Верховодил вольницей знакомый нам Роман: собирал общак, поддерживал вновь прибывших, решал внутренние склоки. Мне не понять, что заставляло «наших» жаться друг к другу. Врождённое чувство стада? Привычка? Воспитание? Нет, Роман хороший парень, но дело не в нём. Дело в проклятом конформизме, в пассивности серого большинства.

Первые недели, пристроившись с краю, молча слушал я нескончаемым потоком льющиеся разговоры о плохих и хороших, о том, как воровать, в каких магазинах что красть. О сексуальных пристрастиях присутствующих, об их подвигах и любимых машинах. И снова, и снова, и снова. Через пару дней, не прислушиваясь, я стал различать повторяющиеся мотивы. Через неделю разговоры эти стали мне хуже топлёного молока за стаканом доброй сивухи.

Не сговариваясь, сделав одинаковые выводы, мы с Серёгой сформировали тайную коалицию, втянув в заговор привязавшегося к нам Миндоугаса.

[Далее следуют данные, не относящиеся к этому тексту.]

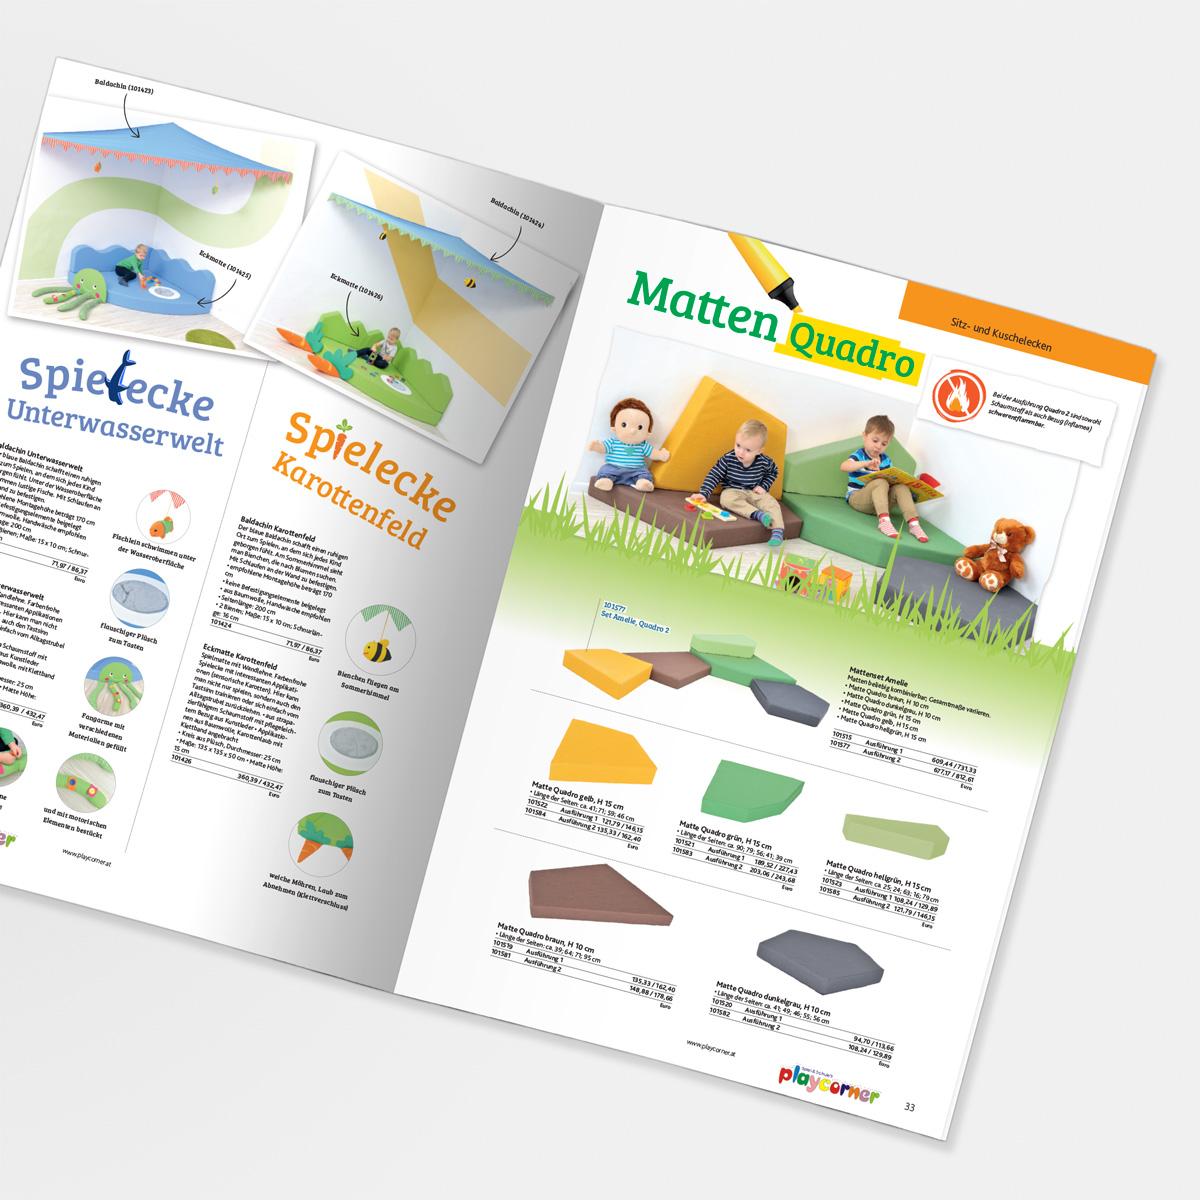 Spiel schule artina design for Schule design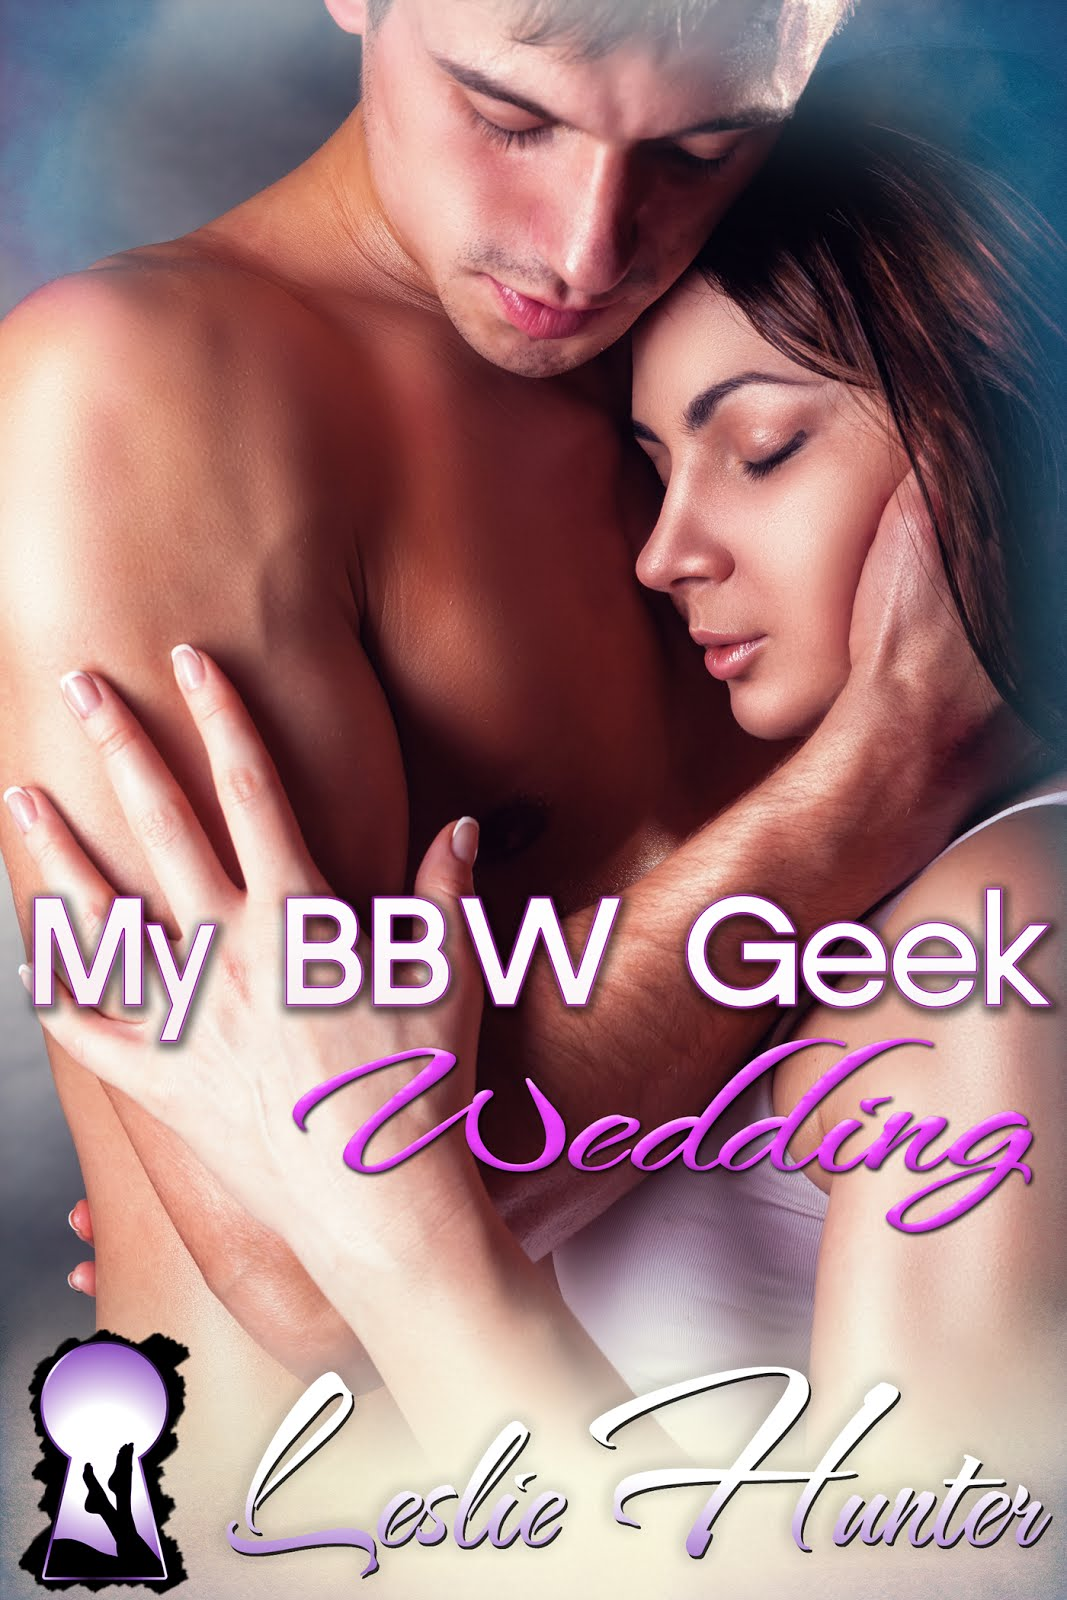 BBW Romance for 99 cents!

Теперь в мире существовали французы — где-то там, далеко, неуловимые и до времени неосязаемые. Дальше интернационал нашего модуля, чьи дела меня не интересовали. Последний круг составляли русские. В круг этот, время от времени, можно было высунуть любопытный нос, в надежде на толкового собеседника. Жизнь, такая богатая до ареста, сузилась до размеров маленькой и постепенно становящейся уютной камеры. Редко, очень редко получалось выудить из толпы интересного человека: так, запомнился Татарин, работающий егерем в глубинке и раз в году приезжающий в Париж прогуляться по магазинам с чужими кредитными картами. Джон, прошагавший пешком, без паспорта, из Перми до Парижа, с томиком Джека Лондона в маленьком рюкзаке за плечами. Иногда получалось поговорить с Ромой. Но тот скоро освободился, и верховодить стал странный кадр по имени Саша.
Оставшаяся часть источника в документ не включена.